With the ever increasing cost of medical insurance, many employers have dropped their group dental and vision coverage, but the demand for employer-sponsored dental and vision benefits is still present.
Once considered a standard employee benefit, dental and vision insurance plans have experienced rate increases not as extreme as medical rate increases, but increases just the same.
Many group health insurance companies offer dental and vision benefits alongside their medical plan, and include the cost for the dental and vision benefit on the same monthly premium statement as the medical premium. In addition, there are many independent dental and vision companies that specialize in just dental and vision benefits, and these companies can be very competitively priced with excellent benefit schedules.
The most competitively priced dental and vision plans use a "preferred provider" list of contracted dentists and optometrists. If the insured member uses the "preferred dentist" or "preferred optometrist," the benefits are usually better than if a non-preferred provider was used. Preferred providers contractually agree with the cost of the services that the dental and/or vision insurance company consider "reasonable and Customary." Dentists or optometrists that do not have an agreement with the insurance companies about their rates are not under any obligation to charge lower preferred provider rates.
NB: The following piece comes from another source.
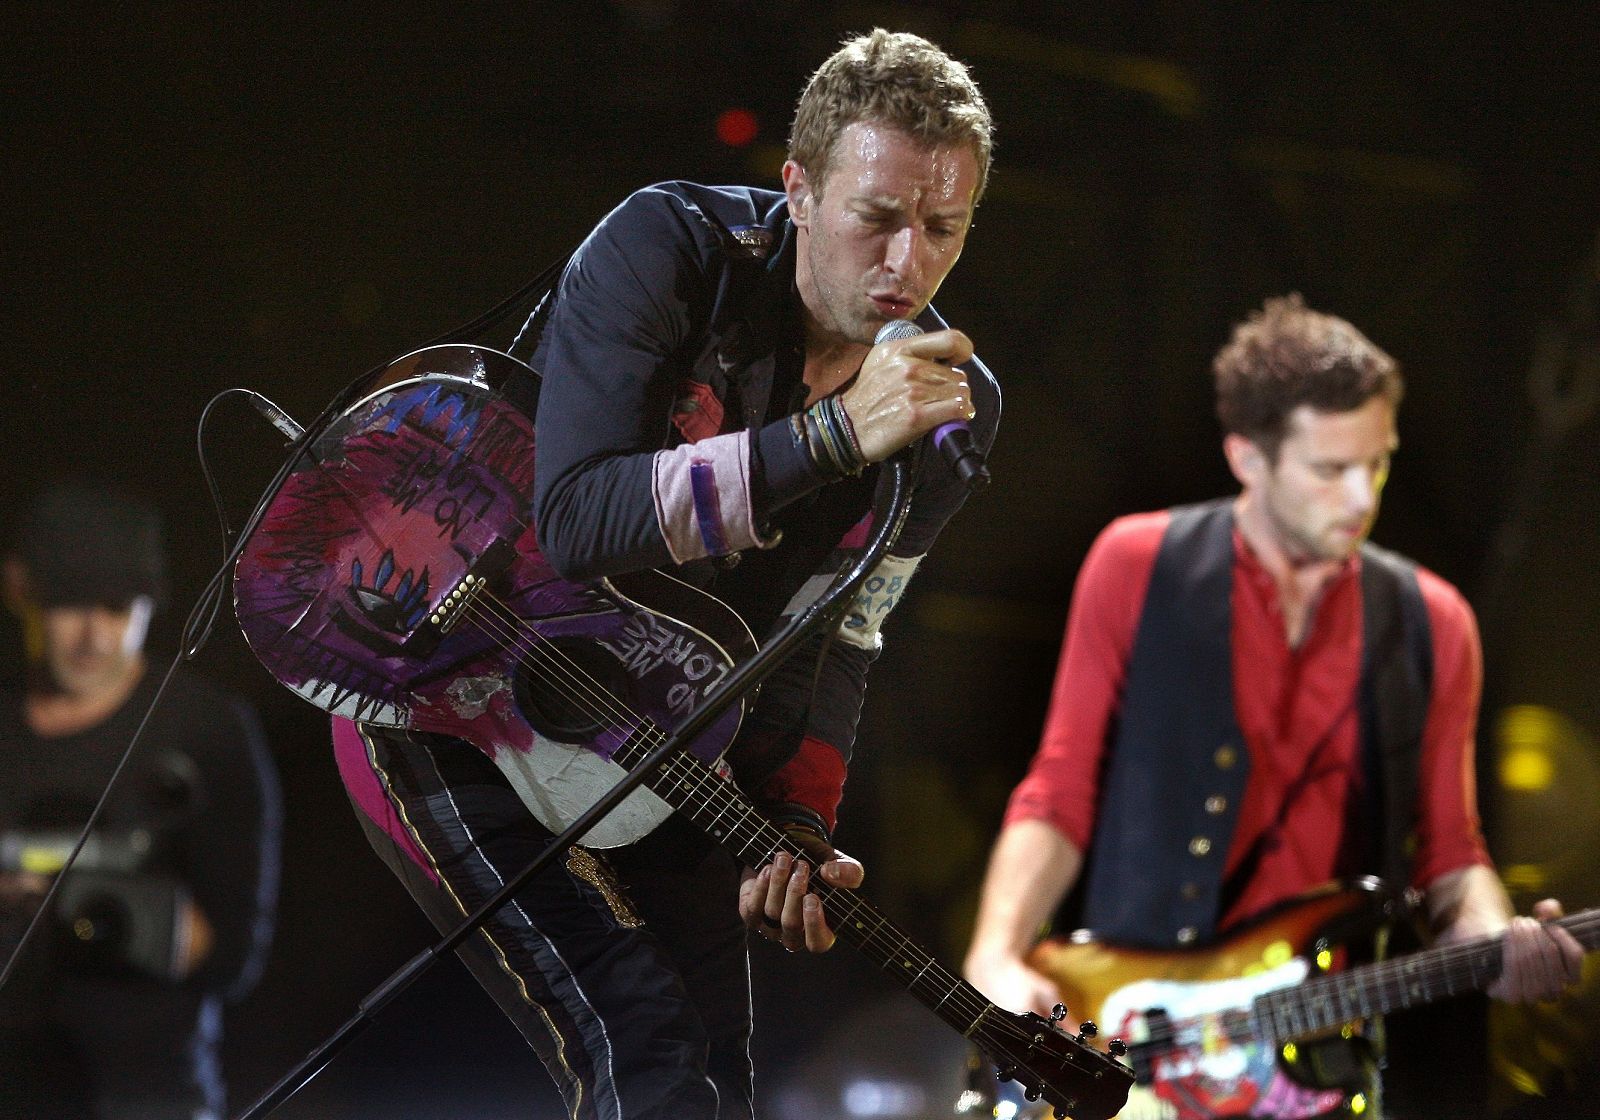 El concierto de Coldplay en imágenes

The lists of contracted dental and vision preferred providers have grown substantially over the last five to seven years. Because of the ever-increasing cost of dental and vision services, many insured members are moving to dentists or optometrist on their preferred provider list to make sure that more of their final bill is paid for by the insurance company.
Most dental companies provide service in three main categories: preventative, restorative, and major. Most plans pay for 100 percent of the cost of preventative services once every six months, and these services would include the cost for exams, cleanings, and x-rays. Services provided in the second category, the restorative, or basic service category, are normally paid at between 80 percent and 90 percent of the contracted rate. These services include simple extractions, fillings, and space maintainers. Major work, the third category, includes bridges, dentures, and crowns, and most dental insurance companies pay 50 percer of the cost for these services when the insured member uses a preferred provider. A calendar year deductible of $50 is common with most dental plans, and this deductible is not due for preventative services.
Traditionally, dental plans set their monthly rates based on the maximum amount of benefit that they agree to pay for each insured person during each calendar year. The most competitively priced plans may have a maximum benefit of $750 to $1,000 per member per year. Plans that will pay up to $2,500 per member per year for dental expenses are available with higher monthly premiums.
For families with children under age 19, the orthodontia benefit may be of interest. This additional rider can be included with many dental plans. Dental insurance companies usually pay up to a maximum of $500 to $1000 per child per year. If the same dental policy stays in force over multiple years, most companies will continue to pay the $500 to $1000 orthodontia benefit until they have paid a total lifetime orthodontia maximum of $1,000 to $30,00.
Vision benefits also follow a general rule of thumb with three different benefit categories; exams, lenses, and frames. The majority of vision plans pay 100 percent of the cost for an annual exam with a preferred provider. Most vision plans will pay a set amount toward the cost of lenses and frames. If an insured member wants to have more expensive lenses or frames, a credit is given toward the cost the more expensive lenses and frames, based on what would have been paid for the standard hardware. To help reduce the monthly premiums, many vision plans agree to pay benefits for lenses and frames every other year instead of annually.
In response to employer groups dropping their dental and vision coverage altogether, many dental and vision insurance companies offer voluntary dental and vision plans instead of the traditional employer-sponsored group plans. For traditional group plans, dental and vision companies require that their employer groups agree to pay at least 50 percent of the cost for the employee. If the employer does not agree to the 50 percent employee premium contribution, then a voluntary dental or vision plan could be a consideration.
Voluntary plans are usually priced a little higher than traditional group plans, and they may have longer waiting periods for services, but they still offer valuable benefits. Since employees pay 100 percent of the cost for Voluntary benefits, not all employees may want to take part in the plan, and this is allowable. Most dental and vision companies require a minimum number of participants on the plan, and they bill the employer directly each month for this valuable employee benefit.
Making the decision about which plan is best for you and/or your company is usually based on multiple factors, including the cost and benefits for you and/or your employees. Many dental and vision plans let participants choose what level of service they prefer, all of the way from strictly basic services, all of the way up to full coverage on their "Cadillac" plans. And, like most items that we purchase today, the higher the level of benefit, the higher the cost. Balancing these two items usually comes out to be the hardest part of this decision.